Use #:left? #f or #:right? #f to suppress trimming the corresponding side. When repeat? is #f (the default), only one match is removed from each side; when repeat? is true, all initial or trailing matches are trimmed (which is an alternative to using a regular expression sep that contains +).

Examples:

> (string-trim "  foo bar  baz \r\n\t")
"foo bar  baz"
> (string-trim "  foo bar  baz \r\n\t" " " #:repeat? #t)
"foo bar  baz \r\n\t"
> (string-trim "aaaxaayaa" "aa")
"axaay"

procedure
(non-empty-string? x) → boolean?
x : any/c

Returns #t if x is a string and is not empty; returns #f otherwise.

Added in version 6.3 of package base.

procedure
(string-contains? s contained) → boolean?
  s : string?
  contained : string?
procedure
(string-prefix? s prefix) → boolean?
  s : string?
  prefix : string?
procedure
(string-suffix? s suffix) → boolean?
  s : string?
  suffix : string?

Checks whether s includes at any location, start with, or ends with the second argument, respectively.

Examples:

> (string-prefix? "Racket" "R")
#t
> (string-prefix? "Jacket" "R")
#f
> (string-suffix? "Racket" "et")
#t
> (string-contains? "Racket" "ack")
#t

Added in version 6.3 of package base.

4.4.6 Converting Values to Strings

(require racket/format)

package: base

The bindings documented in this section are provided by the racket/format and racket libraries, but not racket/base.

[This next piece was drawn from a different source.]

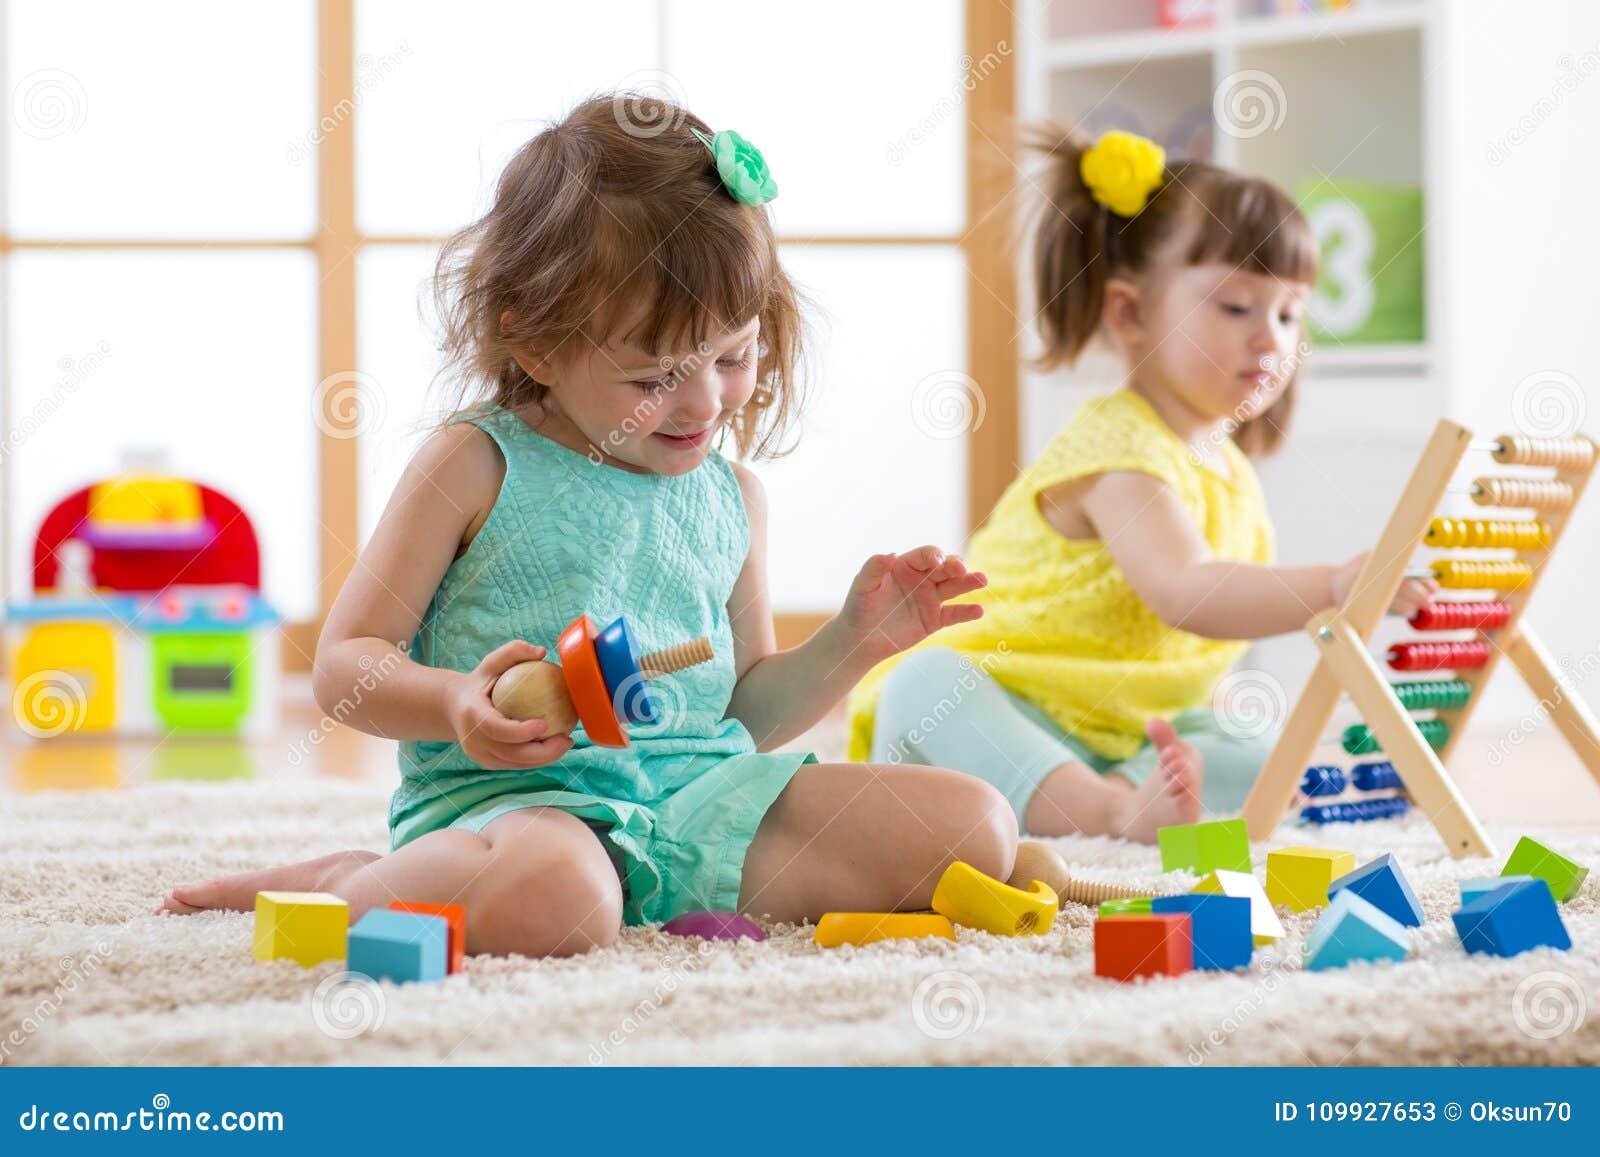 Kinder engagieren sich im Kindertagesstätte Zwei Kleinkindkinder, die mit pädagogischen Spielwaren im Kindergarten spielen

The racket/format library provides functions for converting Racket values to strings. In addition to features like padding and numeric formatting, the functions have the virtue of being shorter than format (with format string), number->string, or string-append.

procedure
(~a v
...
[ #:separator separator
#:width width
#:max-width max-width
#:min-width min-width
#:limit-marker limit-marker
#:limit-prefix? limit-prefix?
#:align align
#:pad-string pad-string
#:left-pad-string left-pad-string
#:right-pad-string right-pad-string]) → string?
  v : any/c
  separator : string? = ""
  width : (or/c exact-nonnegative-integer? #f) = #f
   max-width : (or/c exact-nonnegative-integer? +inf.0)
= (or width +inf.0)
  min-width : exact-nonnegative-integer? = (or width 0)
  limit-marker : string? = ""
  limit-prefix? : boolean? = #f
  align : (or/c 'left 'center 'right) = 'left
  pad-string : non-empty-string? = " "
  left-pad-string : non-empty-string? = pad-string
  right-pad-string : non-empty-string? = pad-string

Converts each v to a string in display mode—that is, like (format "~a" v)—then concatentates the results with separator between consecutive items, and then pads or truncates the string to be at least min-width characters and at most max-width characters.

Examples:

> (~a "north")
"north"
> (~a 'south)
"south"
> (~a #"east")
"east"
> (~a #\w "e" 'st)
"west"
> (~a (list "red" 'green #"blue"))
"(red green blue)"
> (~a 17)
"17"
> (~a #e1e20)
"100000000000000000000"
> (~a pi)
"3.141592653589793"
> (~a (expt 6.1 87))
"2.1071509386211452e+68"

The ~a function is primarily useful for strings, numbers, and other atomic data. The ~v and ~s functions are better suited to compound data.

Let s be the concatenated string forms of the vs plus separators. If s is longer than max-width characters, it is truncated to exactly max-width characters. If s is shorter than min-width characters, it is padded to exactly min-width characters. Otherwise s is returned unchanged. If min-width is greater than max-width, an exception is raised.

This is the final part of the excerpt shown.